▶ [Available data]

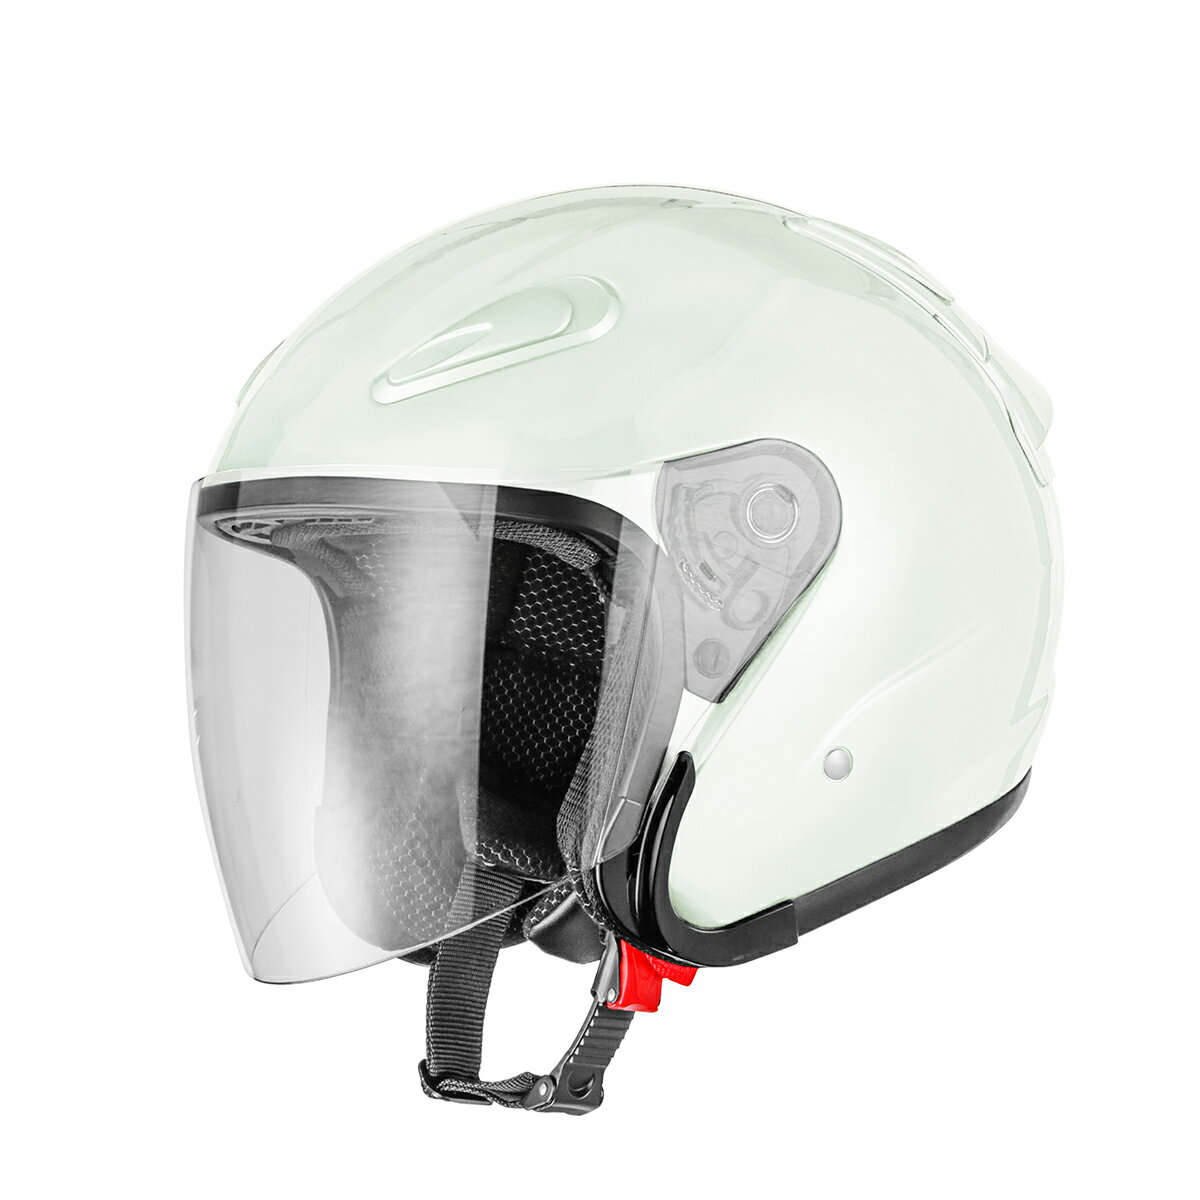 バイクヘルメット エアロフォルムジェットヘルメット ホワイト Mサイズ SG規格適合 PSCマーク付 バイク オートバイ ヘルメット バイクパーツセンター
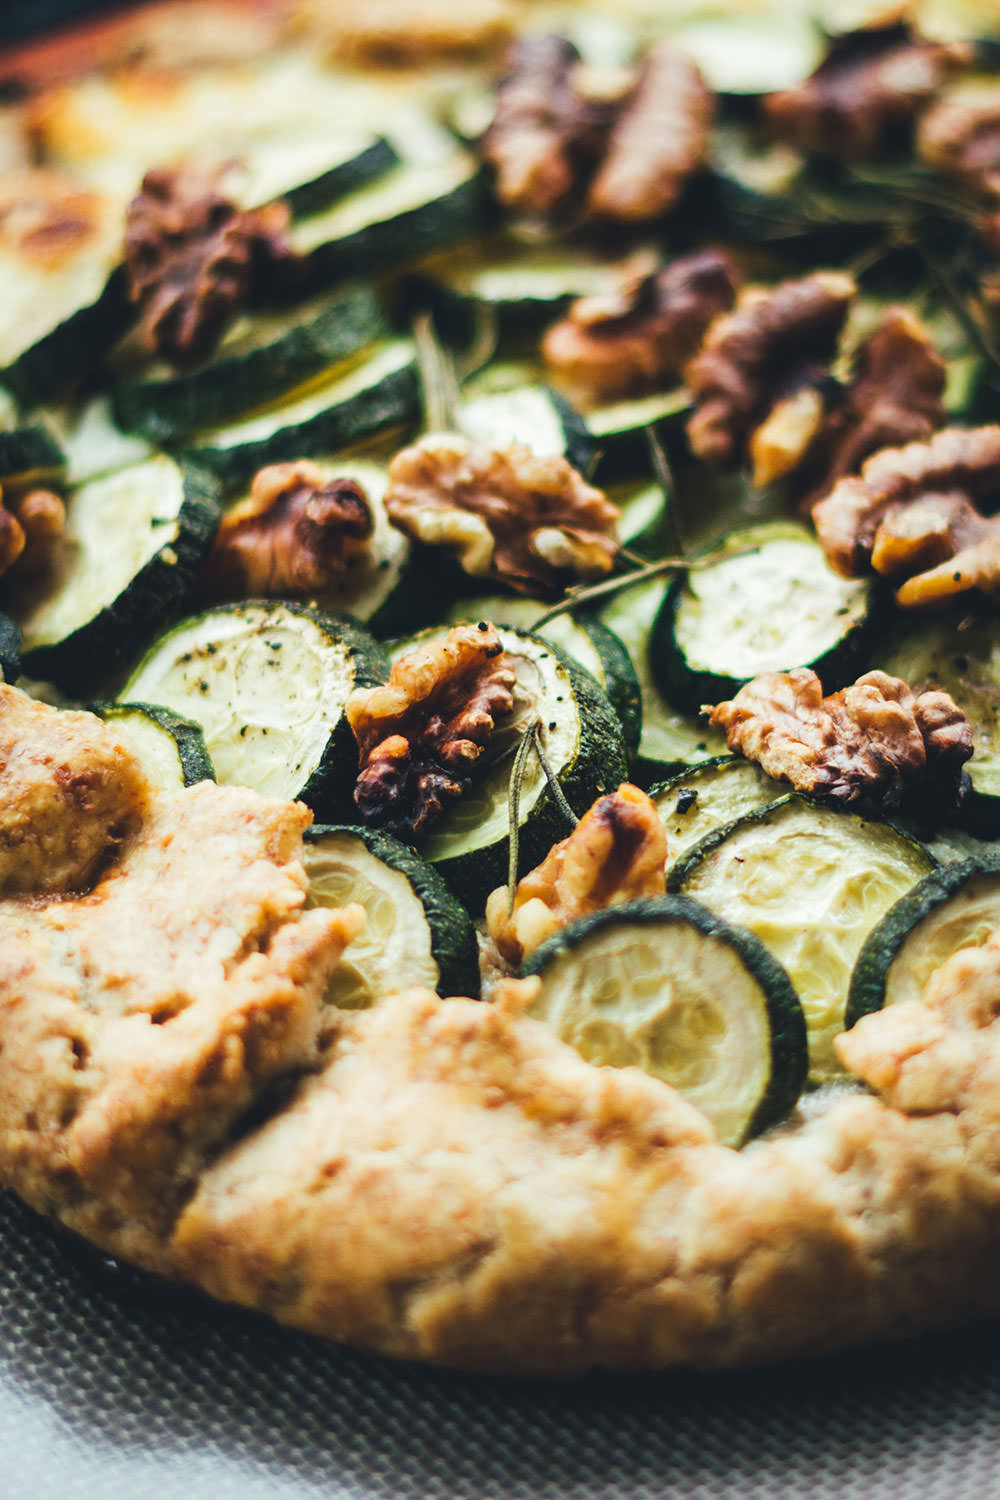 Rezept für spätsommerliche Zucchini-Galette | knusprige Tarte mit Zucchini, Ricotta, Büffelmozzarella und Walnüssen | moeyskitchen.com #galette #tarte #zucchini #courgette #büffelmozzarella #ricotta #vegetarisch #veggie #abendessen #dinner #feierabendküche #sommerküche #rezepte #foodblogger
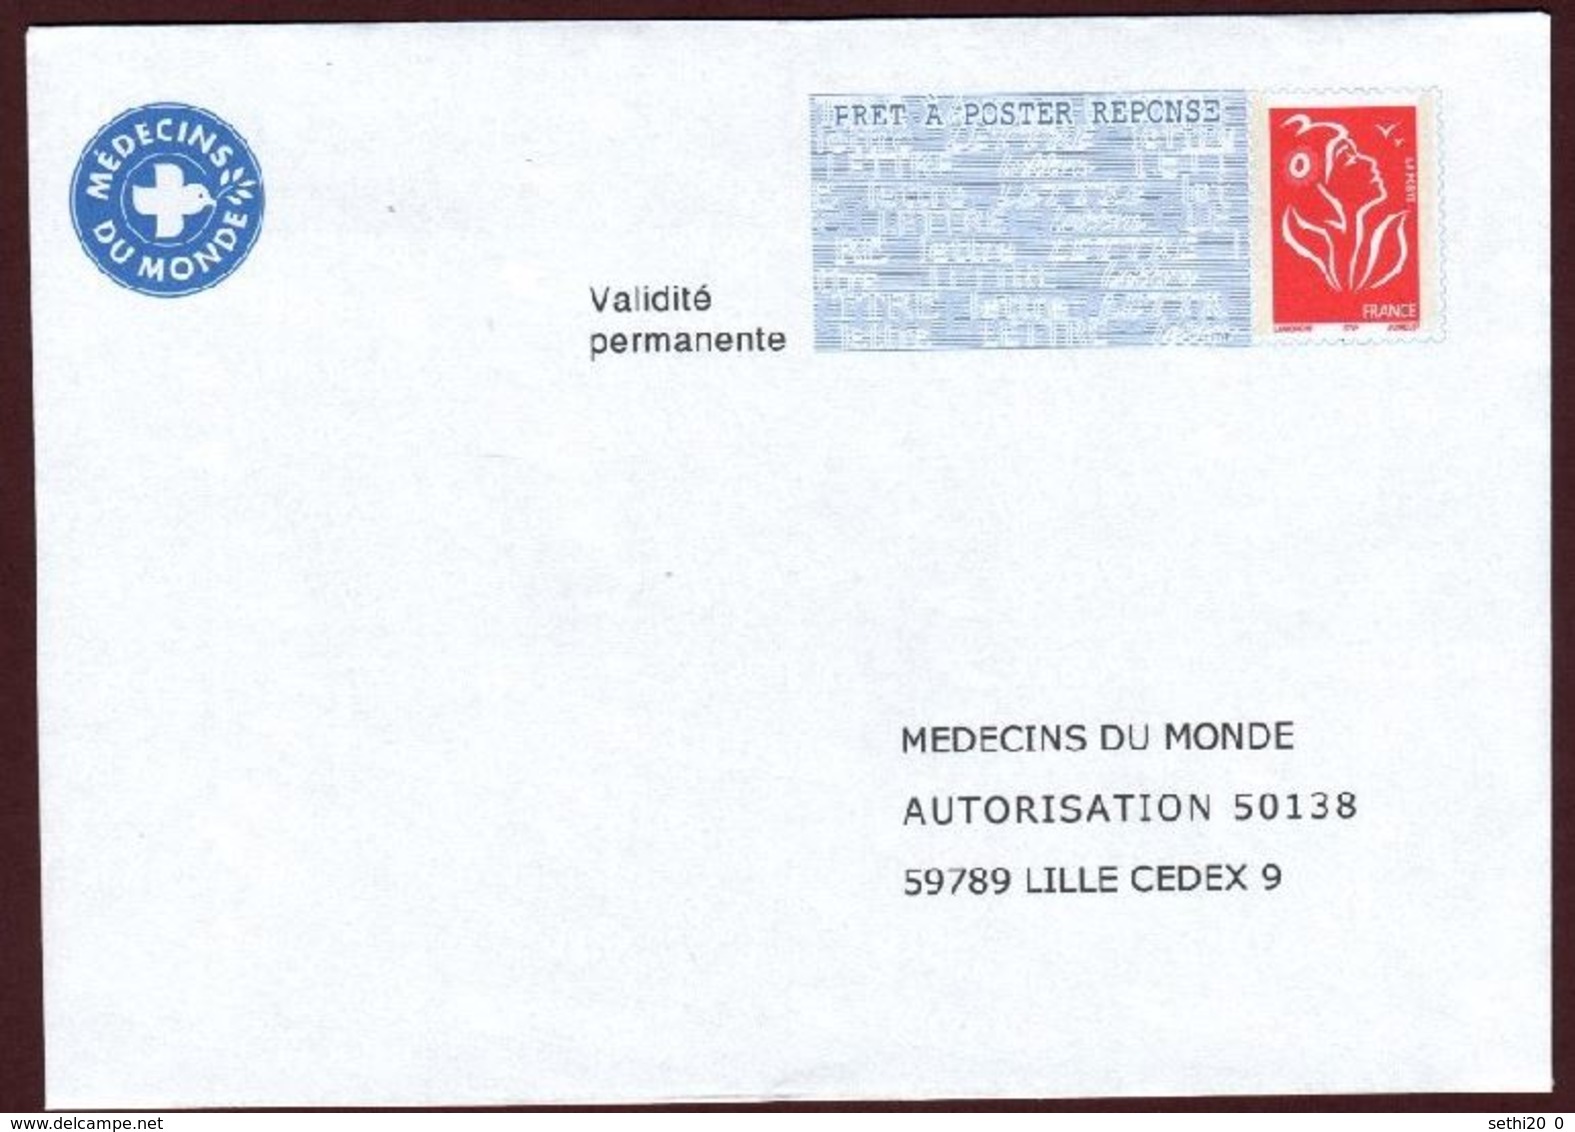 France PAP Réponse  Lamouche  0509632 MEDECINS DU MONDE - Prêts-à-poster: Réponse /Luquet
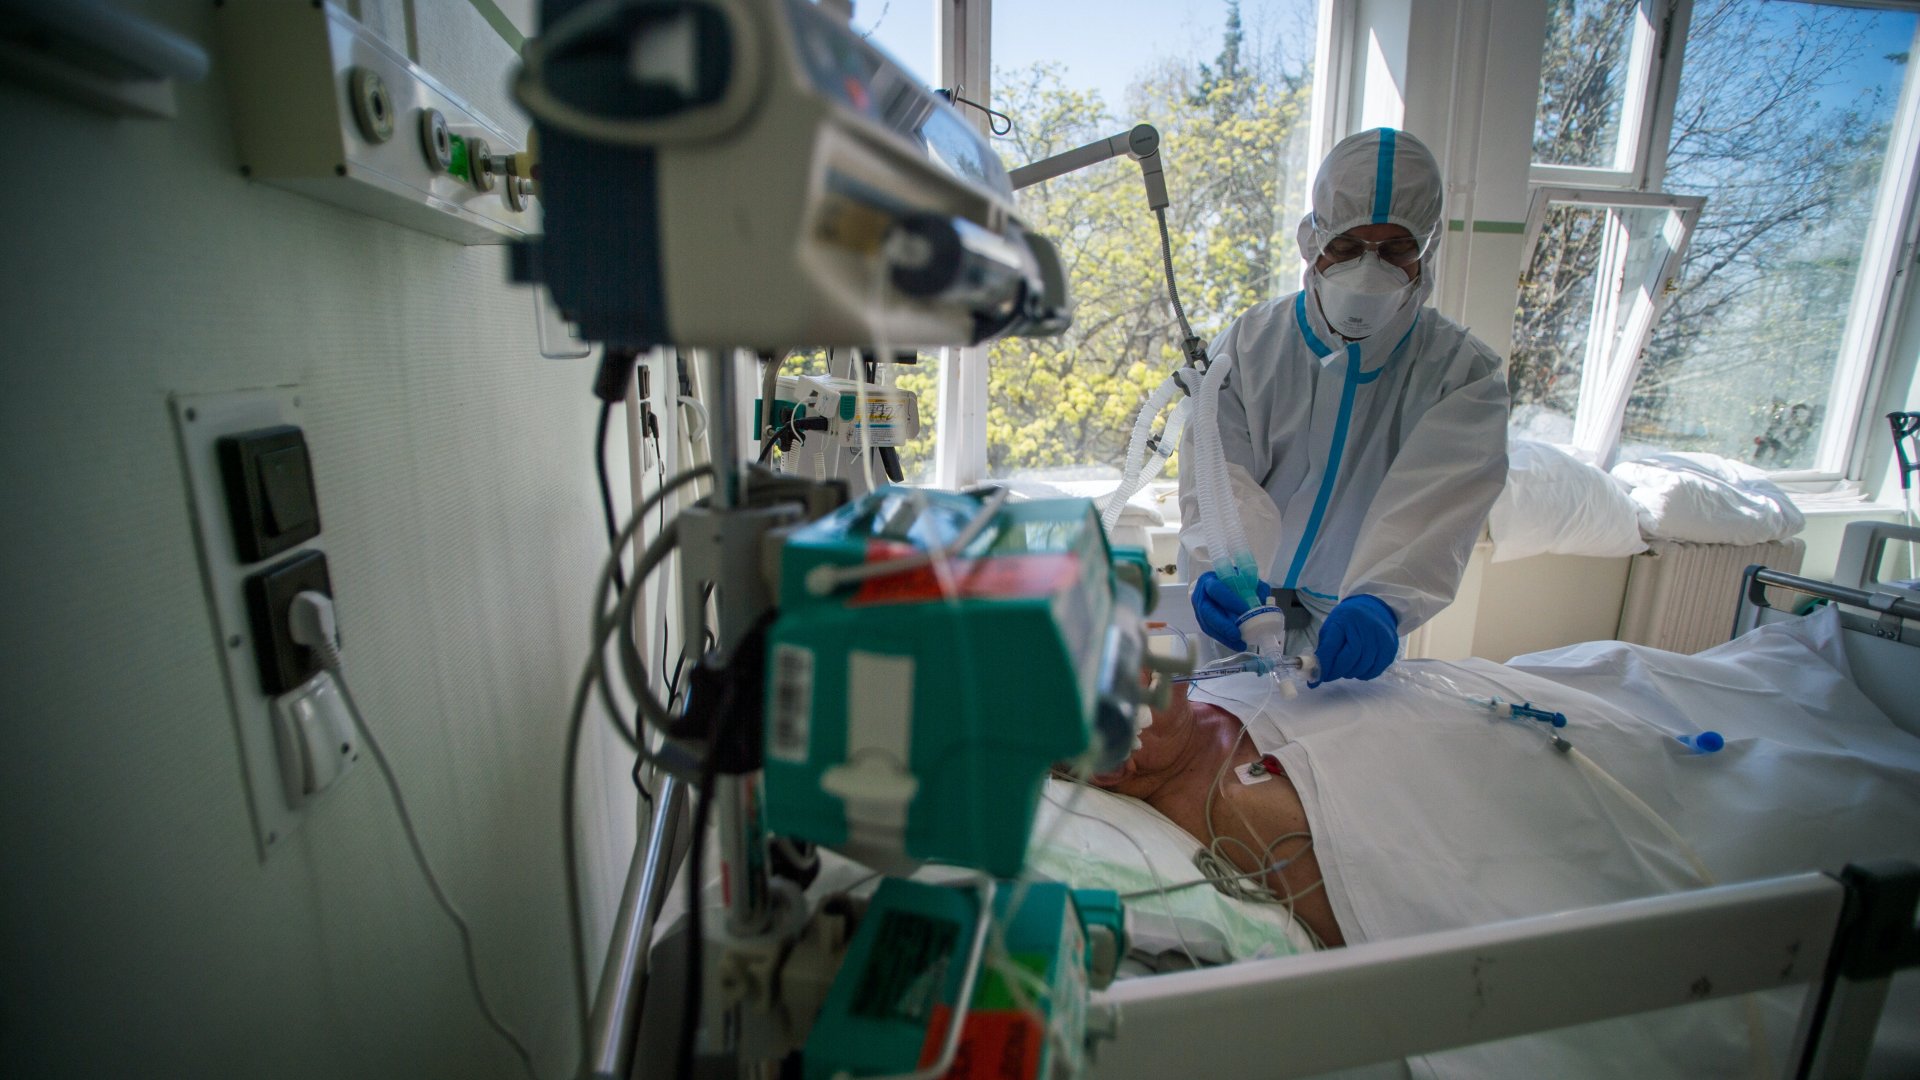 Koronavírusos beteget ápolnak egy kórházban
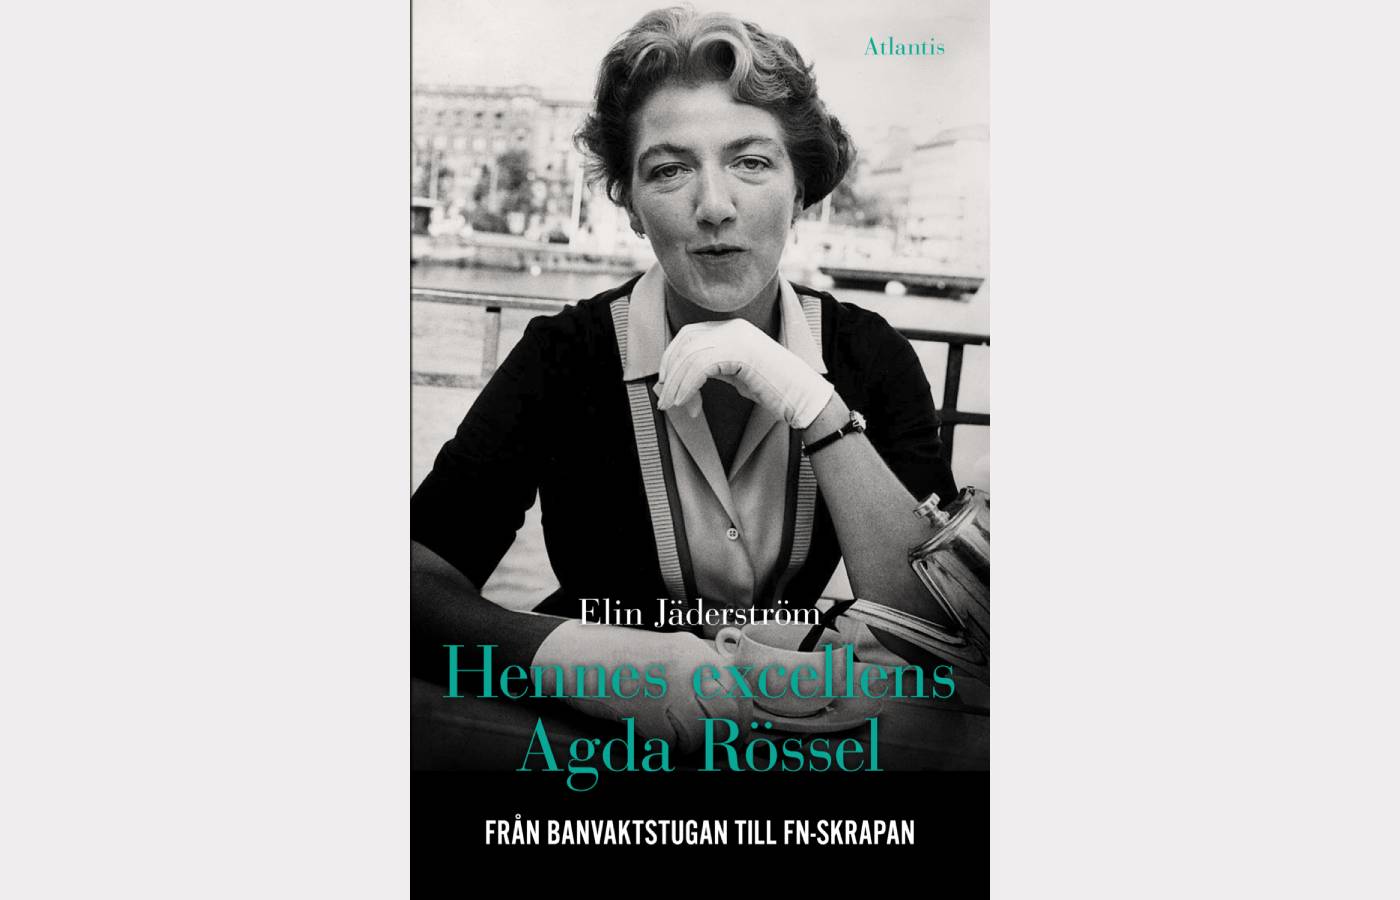 Bokomslag till boken Hennes excellens Agda Rössel, Från barnvaktstugan till FN-skrapan av Elin Jäderström

▶ [Problem description] Exact lines only, please. Repeat everything from the top of the records through the line containing "Koronavírusos beteget ápolnak egy kórházban", both ends in and pictures out.

▶ [Output for this task]
 バイクヘルメット エアロフォルムジェットヘルメット ホワイト Mサイズ SG規格適合 PSCマーク付 バイク オートバイ ヘルメット バイクパーツセンター
 Rezept für spätsommerliche Zucchini-Galette | knusprige Tarte mit Zucchini, Ricotta, Büffelmozzarella und Walnüssen | moeyskitchen.com #galette #tarte #zucchini #courgette #büffelmozzarella #ricotta #vegetarisch #veggie #abendessen #dinner #feierabendküche #sommerküche #rezepte #foodblogger
 France PAP Réponse  Lamouche  0509632 MEDECINS DU MONDE - Prêts-à-poster: Réponse /Luquet
 Koronavírusos beteget ápolnak egy kórházban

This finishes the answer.